Que venha a Copa de 2018

A COPA ALÉM DA COPA

Luiz Antonio Simas




Já vi coisas no Brasil da rebimboca da parafuseta. O fato de ser nascido e criado num terreiro de macumba cruzada com tudo que o sujeito possa imaginar, me fez, desde pequeno, achar que as coisas mais extraordinárias são perfeitamente normais. Cresci na encruzilhada das maravilhas. Vi um curupira incorporado numa dona (acho que foi na Dos Anjos, minha mãe, Dona Niedja, pode confirmar nos comentários) ; vi turista japonês virado no Seu Sete Cachoeiras; vi seu Zezé Macumba imitar bode para amarrar time adversário na várzea; cruzei com presunto desovado pelo esquadrão que, segundo contam, ressuscitou e pediu cachaça.

Vi o malandro Toninho Itabaiana incorporar o Barão Langsdorff; tive uma tia carola (única católica praticante da família) que deixou expresso em testamento que queria ser enterrada com um bonequinho de seu Tranca Rua; vi um padre parapsicólogo alemão exorcizar um filé de peixe que fedia pra cacete, depois de tomar uns birinaites numa birosca, e ser aplaudido.

Não me surpreenderam, portanto, as maluquices extraordinárias que ocorreram na Copa do Mundo de 2014, aqui no Brasil, e foram (justamente, diga-se) esquecidas pela tragédia do 7 X 1 e o buraco em que nos metemos com as maracutaias da FIFA e do poder público: índios pataxós cantaram parabéns para o alemão Klose; três pés de cana fizeram Manoel Neuer e Bastien Schweinsteiger gritarem, dando saltinhos, Bahêa! durante o hino do tricolor baiano; brasileiros foram a um amistoso da Croácia levando toalhas de mesa como bandeiras; um aracnídeo atacou um australiano; um maníaco sacou a peixeira durante o treino da Colômbia.

Cinco mil gaúchos, vestidos como se fossem para a Guerra dos Farrapos, receberam a delegação do Equador dançando o "bota aqui o seu pezinho"; um português ciclista, descrito por quem o conhece como completamente maluco, tentou se atirar de bicicleta na frente do ônibus de Portugal; o holandês Arjeen Robin quase se afogou na praia de Ipanema; o bebê Drogbinha invadiu o treino da Costa do Marfim para conhecer o craque Drogba.
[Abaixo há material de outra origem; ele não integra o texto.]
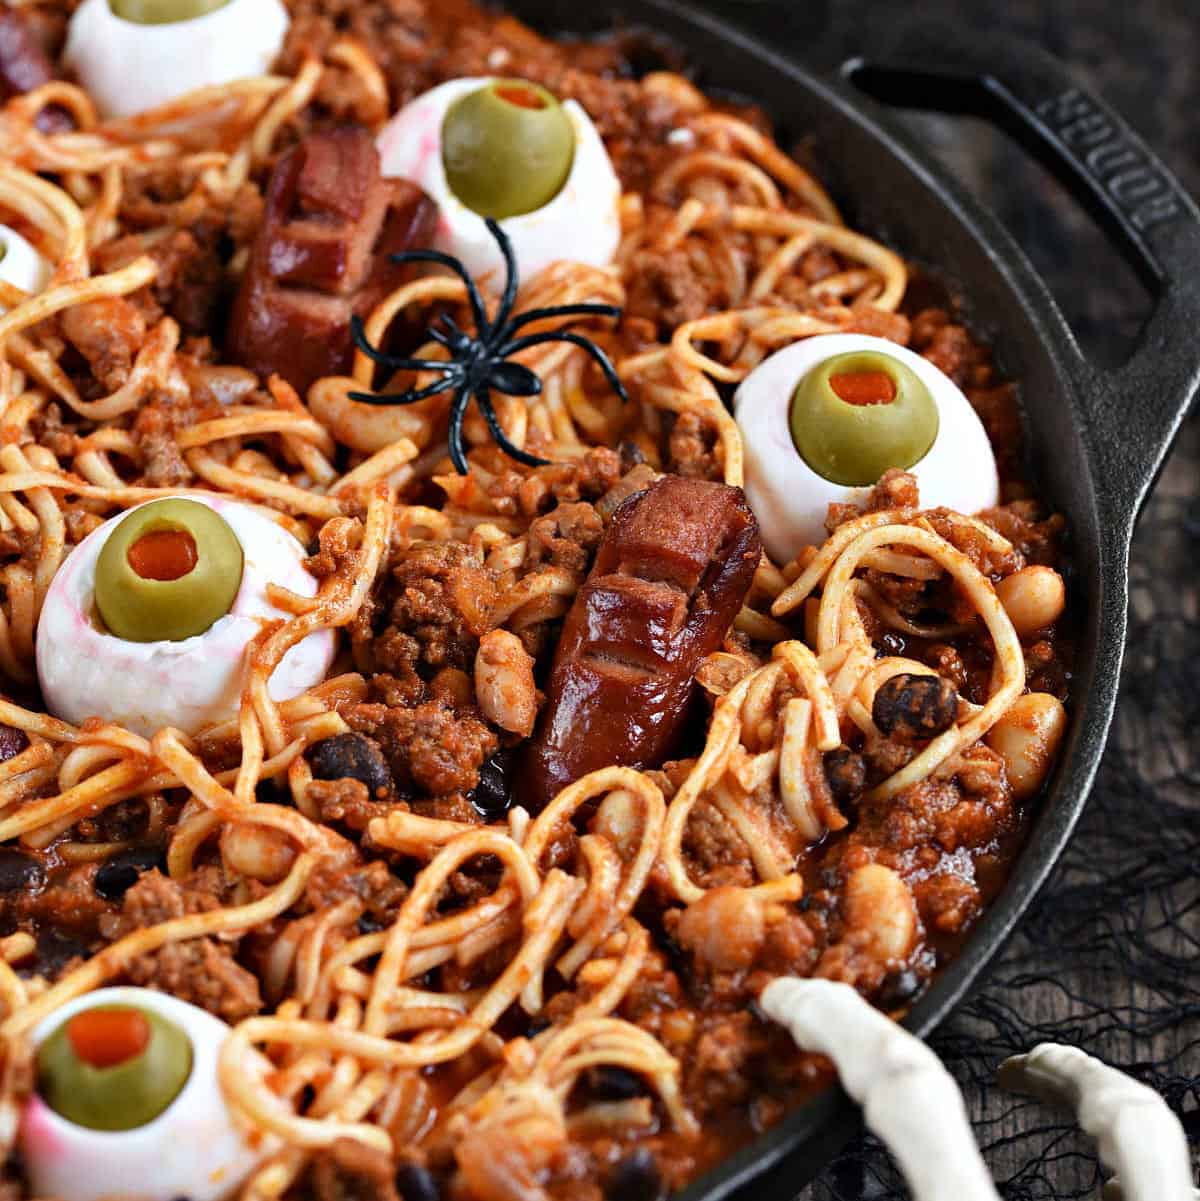 Spooky Halloween Chili with noodles, beans, egg eyes, and hot dog fingers and toes.
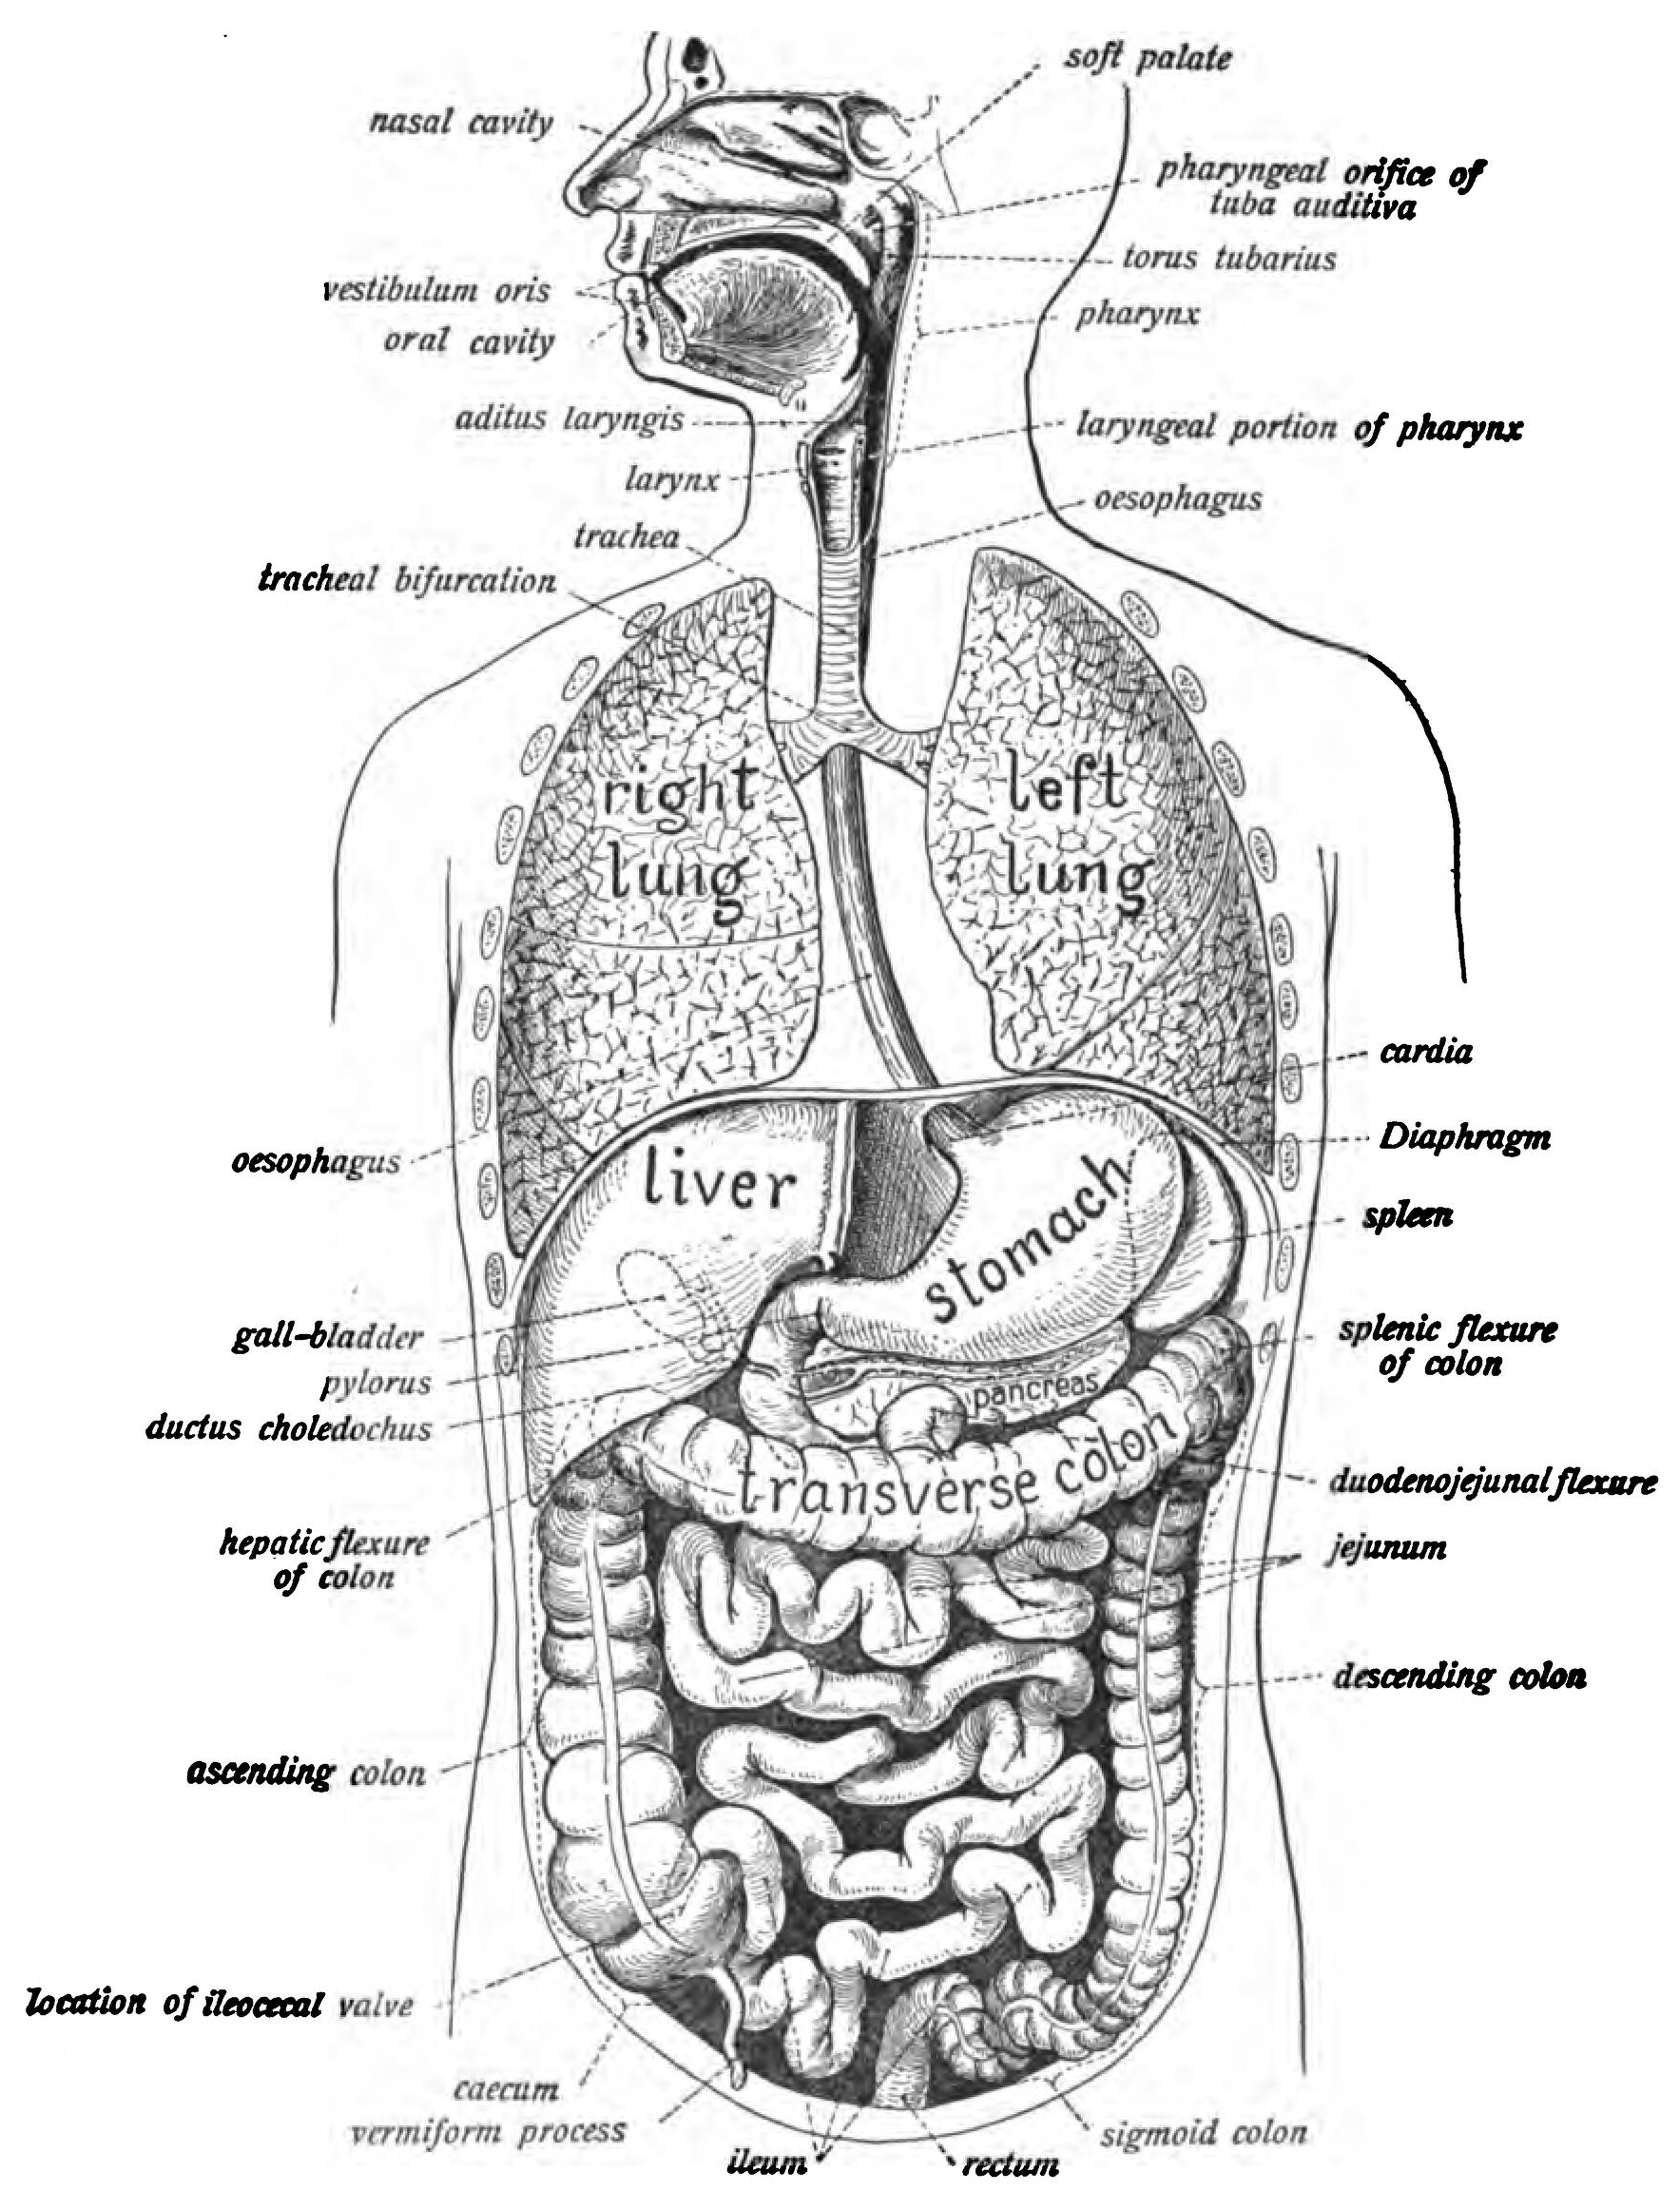 Diagram Of The Digestive System - exatin.info

Defini à época estes momentos como os de "saramandaização, chacriniana e sucupiresca" do padrão FIFA. No meio da venalidade da entidade sequestradora do futebol que rege o torneio e seus comparsas, as Copas do Mundo têm o poder de mostrar, paradoxalmente, que o futebol ainda respira na paixão que desperta nas pessoas.
É essa dimensão humana, ponto de viração do mundo, que sempre me interessou.

Relevem. Cresci na fronteira do extraordinário, conversando com pretos velhos de duzentos anos, malandros do início do século XX, prostitutas sevilhanas assassinadas que viraram pombagiras no Brasil; bugres combatentes da Guerra do Paraguai, mestres juremeiros e personagens do gênero.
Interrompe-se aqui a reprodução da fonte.